Some Tours Are Won After the Prospect Leaves
Some Tours Are Won After the Prospect Leaves
Every gym sales culture I’ve worked in treats the in-person close as the outcome that matters. Sign the agreement today, in the room, before the prospect walks out. The underlying reason is the be-back rate, the percentage of prospects who leave without signing and actually come back to buy. That number is industry-wide low, often in the 10-20% range. The floor wisdom has always been that if you don’t close them now, you probably won’t close them at all.
The contrarian claim is this. Not every tour can close in person, and the rep who keeps pushing when a prospect structurally can’t say yes today isn’t increasing the close rate. They’re damaging the follow-up, which is the only chance they had left.
The be-back statistic is real, and it’s the reason this argument is narrower than it sounds. I’m not saying let prospects walk and trust they’ll come back. Most won’t. The argument is about a specific subset of tours: the ones where the prospect was never going to close in the room today, regardless of how the rep handled it.
Some prospects genuinely can’t close in person. The spouse isn’t in the room and has to sign off. The budget has to get checked against a bank account they don’t have in front of them. The decision feels too big to make in 30 minutes after a tour. These aren’t objections a rep can overcome with better technique. They’re structural. The decision cannot happen in the room, because the information or the authority required to make it isn’t in the room.

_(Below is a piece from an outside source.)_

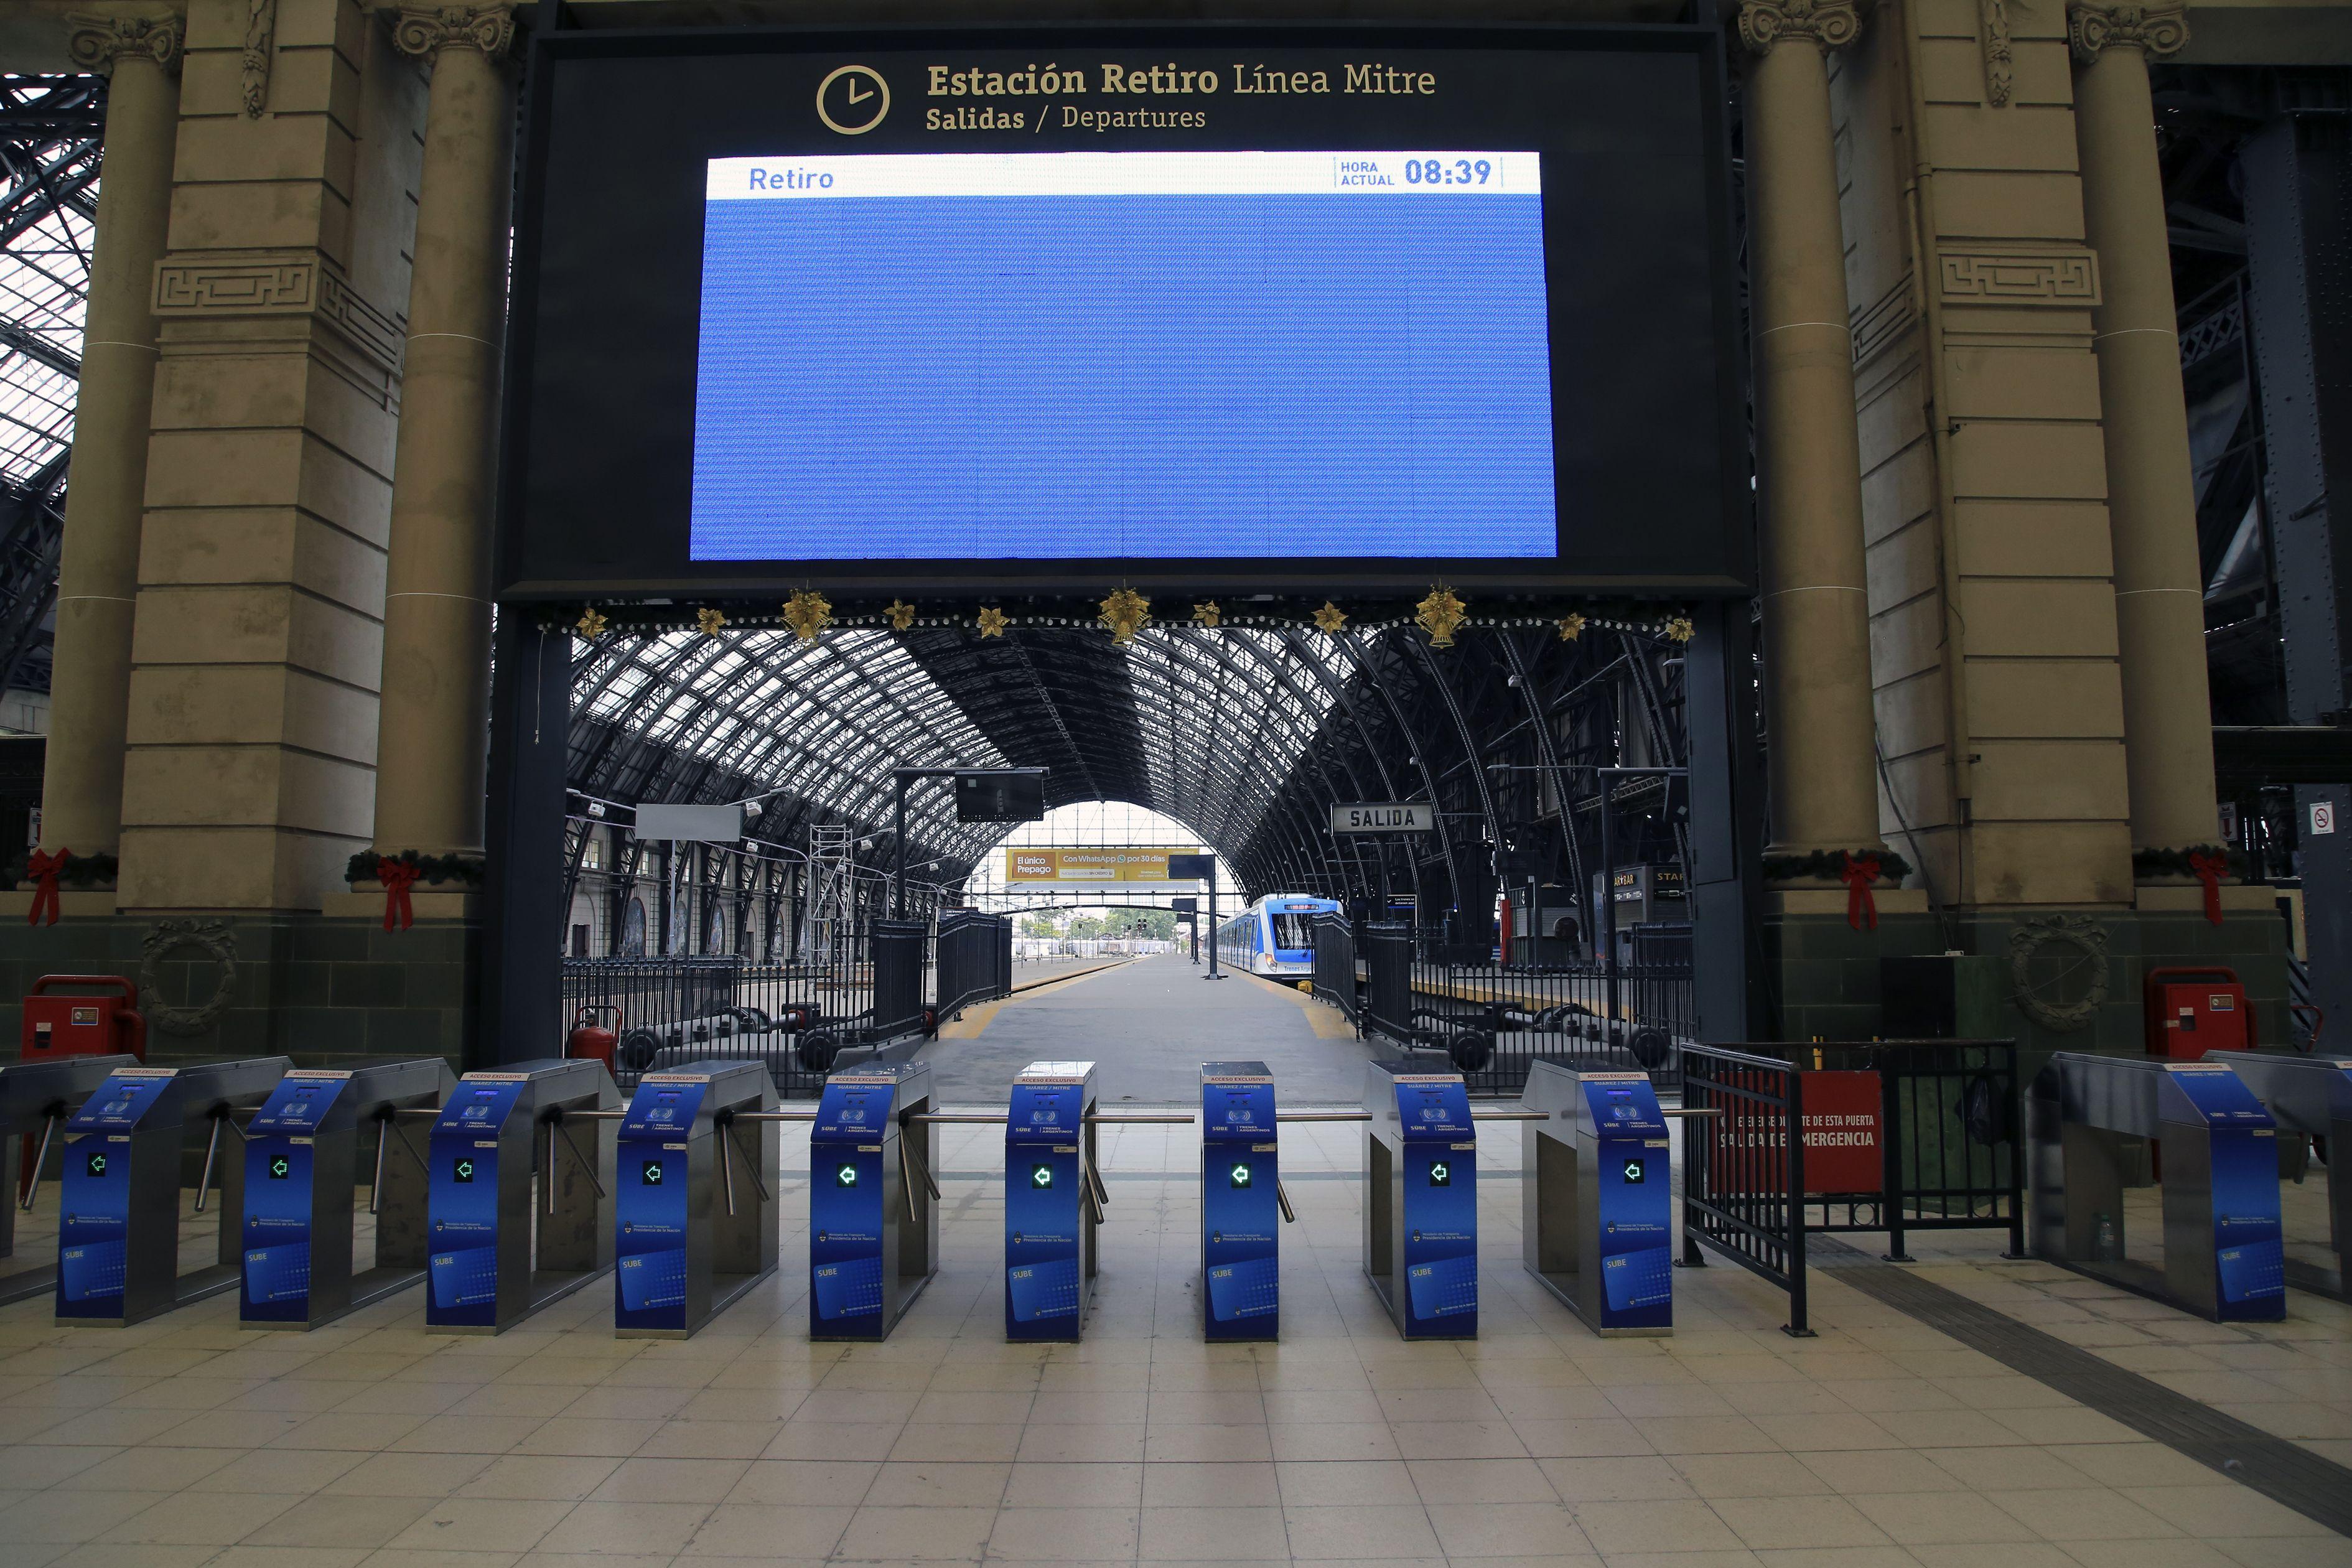 Viernes complicado para viajar: sin trenes hasta las 9 por asambleas de los ferroviarios

The in-person-close culture tells a rep that these prospects are winnable with enough pressure. Push harder. Create urgency. Offer the today-only discount. Some of this works on some prospects, but on the structural non-closers, it doesn’t work and it backfires. The prospect who already knew they couldn’t say yes today now feels pressured, rushed, and in some cases manipulated. They leave. They don’t answer the follow-up call. The already-low be-back rate just dropped to zero, because the rep converted a warm “I need to think about this” into a cold “I don’t want to deal with that place again.”
The rep who handles these tours differently doesn’t close more in the room. They close more overall, because they preserve the follow-up as a viable path. A prospect who leaves warm, with a specific next step tied to their actual reason for not signing today, is a prospect the rep can still work. A prospect who leaves cold from a pressure close is gone.

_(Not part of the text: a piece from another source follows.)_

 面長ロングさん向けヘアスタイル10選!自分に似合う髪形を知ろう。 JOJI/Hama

The practical read is that the rep’s job on any given tour has two possible outcomes depending on the prospect. For prospects who can close today, close them. Use the normal toolkit. These are the tours the be-back rate argument applies to fully, and leaving them without a signed agreement is the expensive mistake the floor wisdom warns about.
For prospects who structurally can’t close today, shift the goal. The job is no longer the close. The job is to surface the real reason they can’t sign, address it where possible, and set up a specific next step that gives the follow-up a chance. Not “we’ll be in touch.” A concrete appointment, phone call, or return visit with the decision-maker included. The close happens later, in a different medium, under different conditions.
The in-person close is still the goal when the in-person close is possible. When it isn’t, pushing for it anyway is how reps convert low-be-back-rate prospects into zero-be-back-rate prospects, and the cost of that doesn’t show up in the close-rate report. It shows up in the pipeline that should have still been warm and isn’t.